Missy Mendo's Columbine High School IDs. (Courtesy Missy Mendo)
Missy Mendo's Columbine High School IDs. (Courtesy Missy Mendo)

“I was sitting in math class when I heard loud noises. It sort of sounded like banging on lockers,” Mendo recalled. “Then I looked out the window and saw people running. I’ll never forget the looks on their faces.”

Fire alarms were sounded and Mendo fled the building with her classmates.

“As we we were running, they started shooting at us from inside,” Mendo said.

Mendo was physically unharmed, but she said the near-miss experience left her with emotional scars and suffering from post-traumatic stress disorder (PTSD).

"Many of us do," she said.

Columbine survivor Missy Mendo and her 4-year-old daughter, Ellie (Courtesy Missy Mendo)
Columbine survivor Missy Mendo and her 4-year-old daughter, Ellie (Courtesy Missy Mendo)

In the fall, Mendo's 4-year-old daughter, Ellie, will start pre-K. But after Tuesday’s school shooting in Uvalde, Texas, Mendo can’t bring herself to complete the paperwork.
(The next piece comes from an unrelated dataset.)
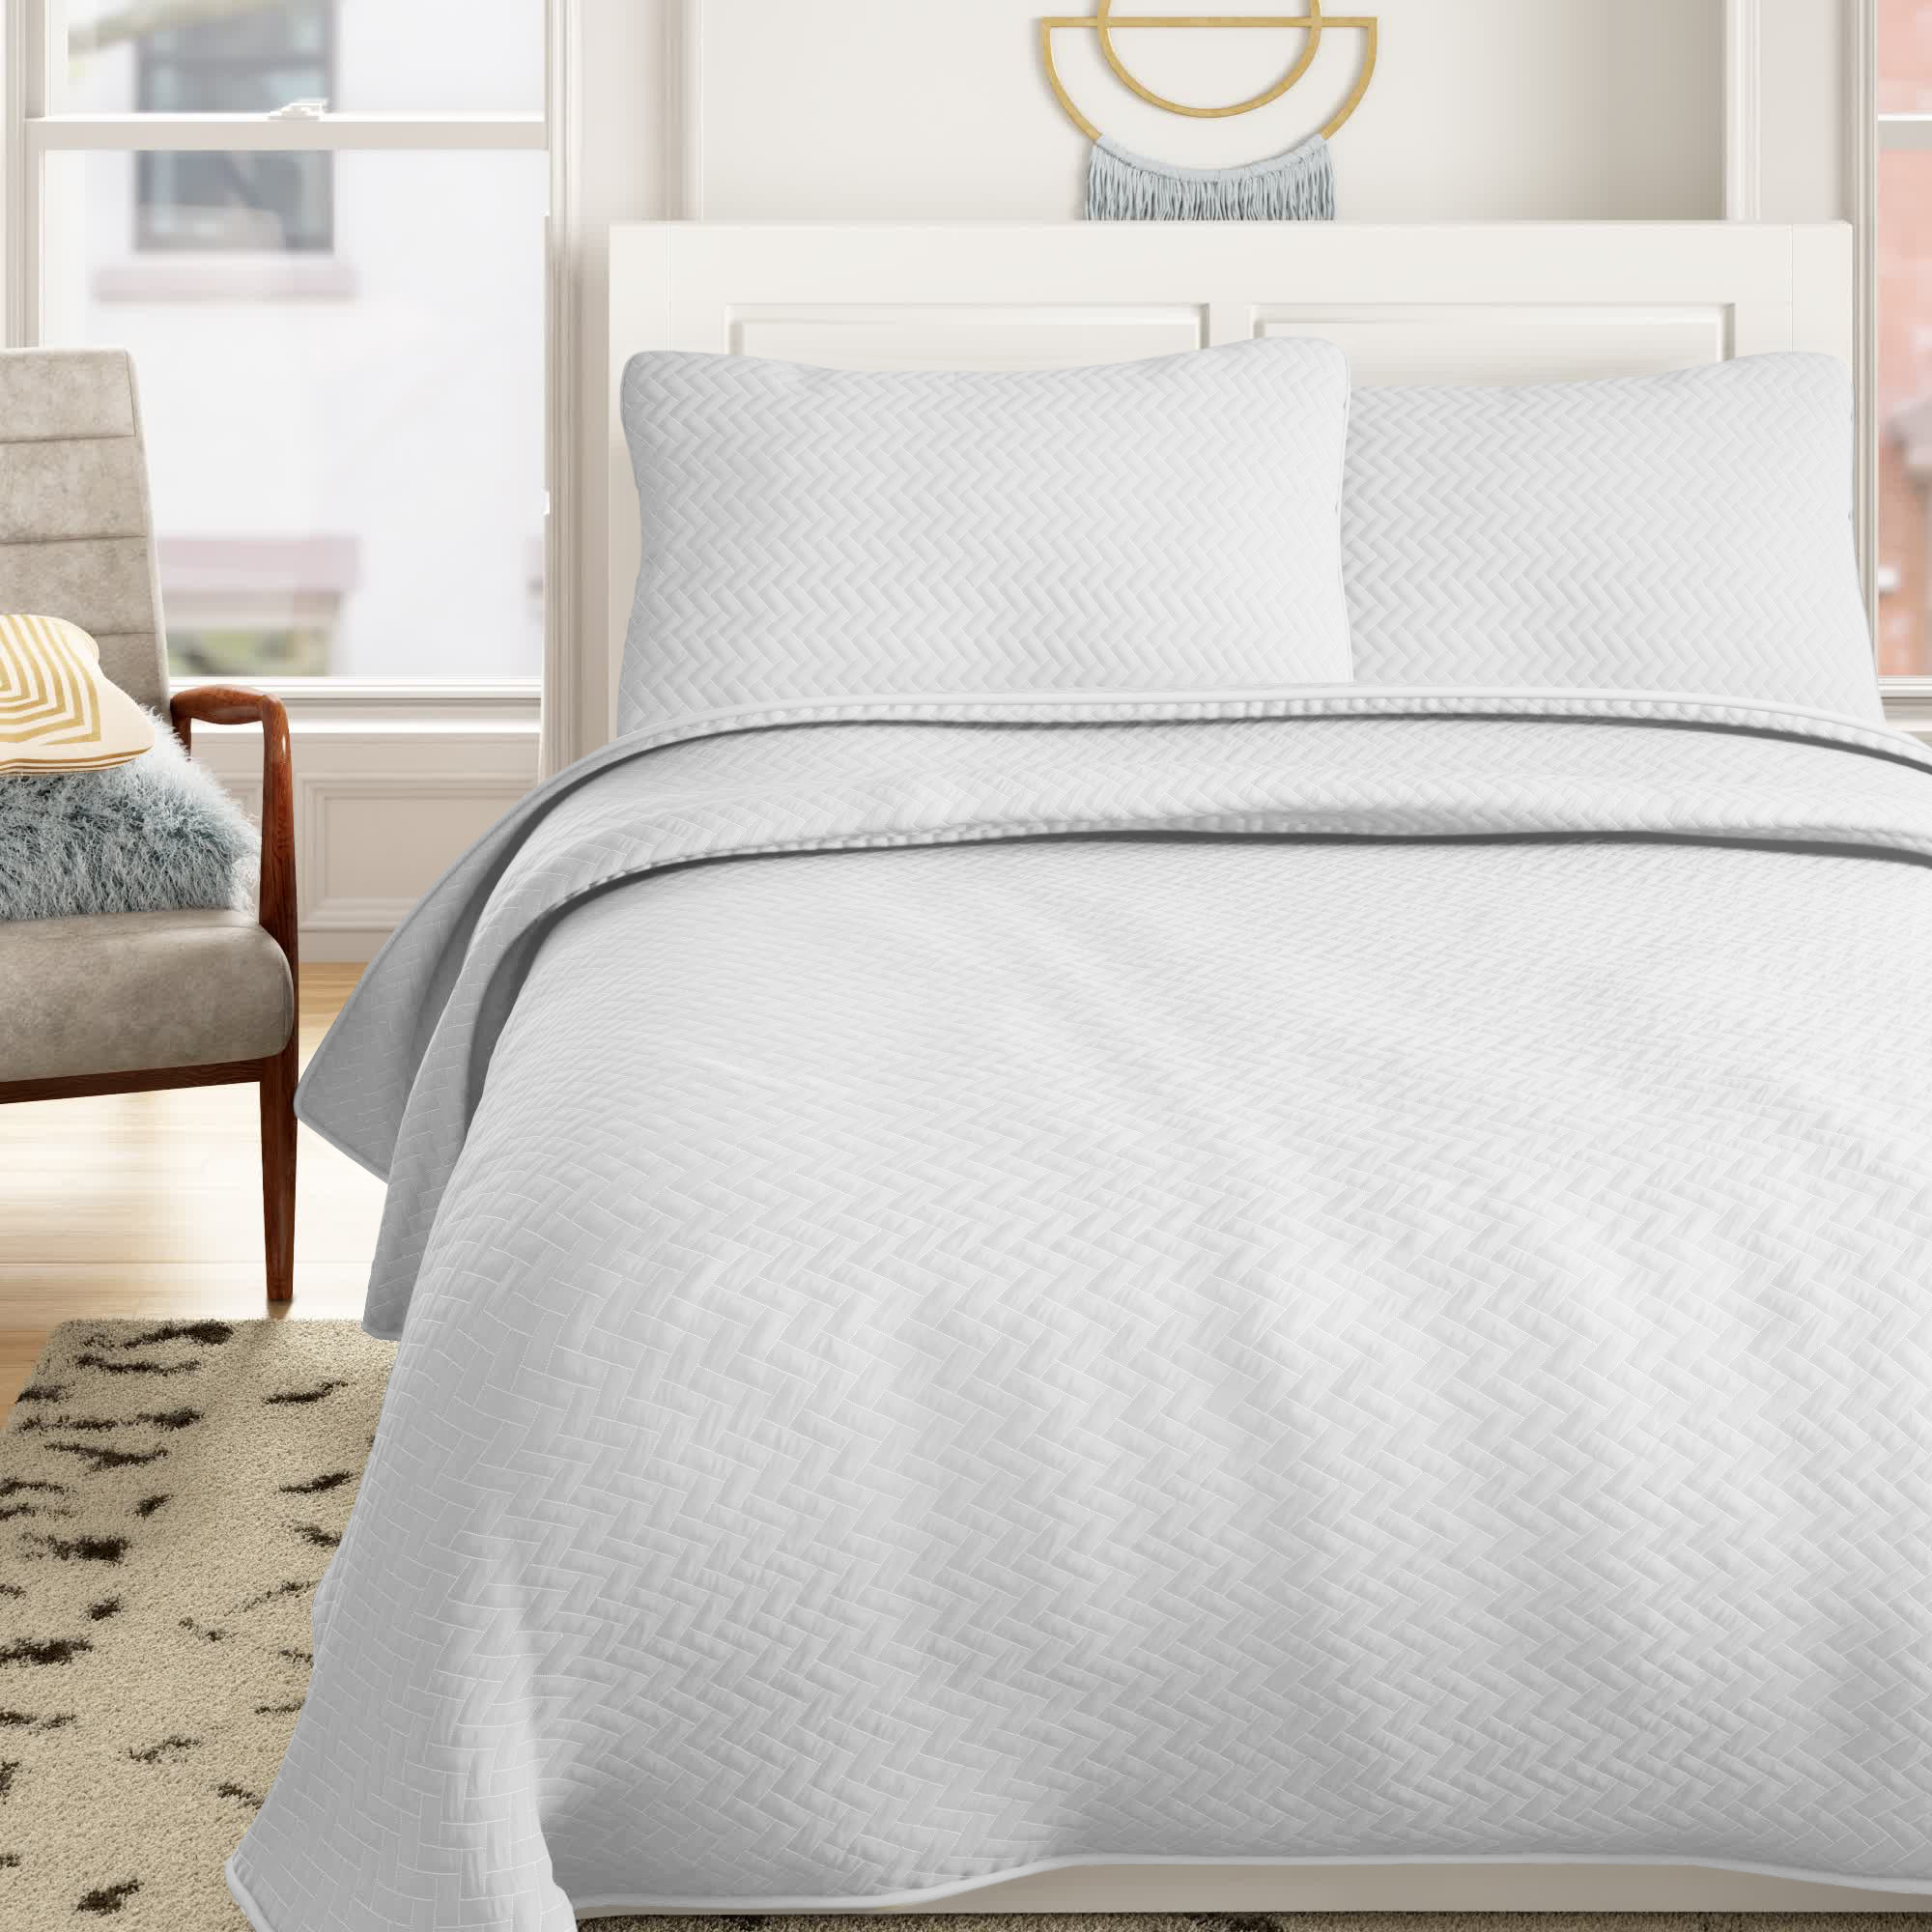 Sunflower Mandala Design Print Details about   White Quilted Bedspread & Pillow Shams Set 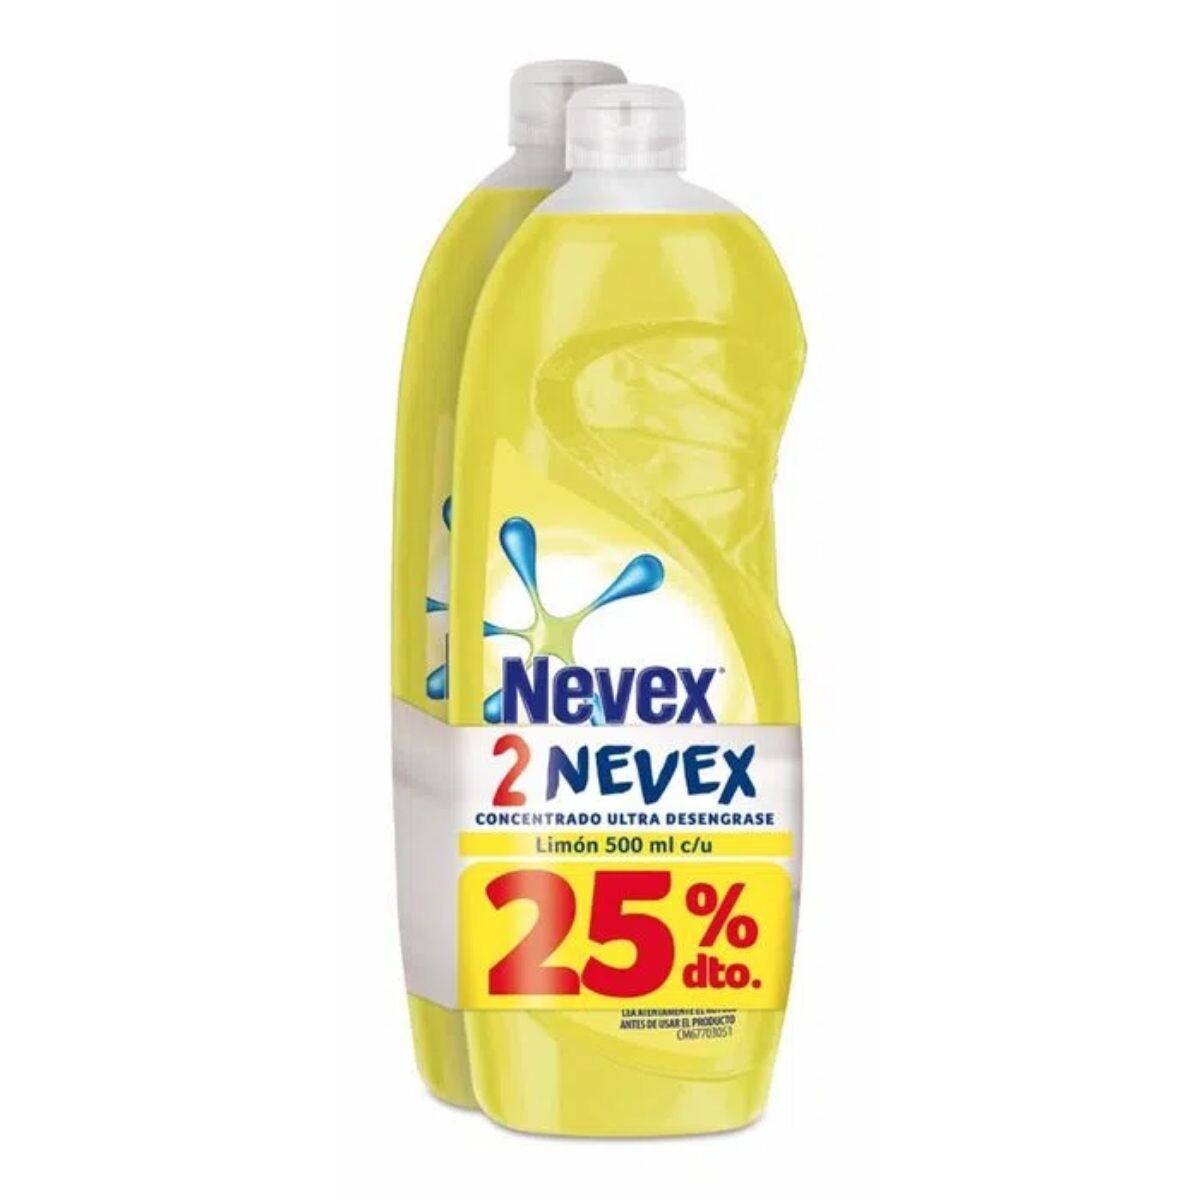 Detergente Líquido Nevex Concentrado Ultra Desengrasante Limón Pack X2 500 ML 25% OFF

At least not this week.

“I need a minute to process everything. It’s like, when is this going to end? How is this continuing to happen?" Mendo said. “But I also want to be so cautious with my kiddo — my number one goal is that I don’t project my fears onto her. I want her to live her life to the fullest.”

Ellie is unaware of what happened to her mom.

"She's too young to understand," Mendo said.

Salli Garrigan's junior class photo. She was wearing the same outfit on the day of the shooting in 1999. (Courtesy Salli Garrigan)
Salli Garrigan's junior class photo. She was wearing the same outfit on the day of the shooting in 1999. (Courtesy Salli Garrigan)

Salli Garrigan, a fellow mom and Columbine survivor, understands what Mendo is going through. Garrigan was in choir class — her “happy, safe place” — when pandemonium erupted. At the time, she was a junior.

“Half of us hid and half of us ran. I was one that ran,” Garrigan, now 39, told TODAY. “Glass from the front doors of school shattered in front of us, and then a teacher waved us down another hall toward a route to safety. I was lucky. I got out pretty quickly.”

April 20, 2022, marked the 23rd anniversary of the Columbine massacre but more than two decades later, Garrigan said the memories feel fresh.

“Sometimes I’ll hear a sound and it brings me right back,” she said.

Turning grief into action

Mendo, who still lives in Colorado, is director of community outreach at The Rebels Project, a support group for survivors of mass shootings.

It took Garrigan a little longer to find her voice.

“I was like, I’m not gonna let [the shootings] define me,” Garrigan said. “And that’s how I felt until I had children. Then suddenly everything was different.”

Garrigan and her husband, Patrick, are parents of 7-year-old daughter, Dottie, and 3-year-old son, Hugh.

“When I became a mom, I realized I had to start fighting,” Garrigan, who resides in New York, said. “I went into mama bear mode. [After Columbine], we were told this was never going to happen again — but it keeps happening."

Salli Garrigan posed with her husband, Patrick, and their kids, Dottie and Hugh. (Courtesy Salli Garrigan)
Salli Garrigan posed with her husband, Patrick, and their kids, Dottie and Hugh. (Courtesy Salli Garrigan)

Today Garrigan is an active member of Moms Demand Action, which was founded after Sandy Hook, and the Everytown Survivor Network, a community of survivors working together to end gun violence.

Garrigan, like Mendo, suffers from PTSD. She, too, is careful not to project onto her children. On Wednesday morning, hours after the Texas shooting, Dottie and Hugh both went off to school. Garrigan never considered keeping them home.

“I just never want these tragedies to win,” Garrigan said. “As hard as it is, when this keeps happening, we just have to keep pushing forward. You give them a long, weird lingering hug and then you let go.”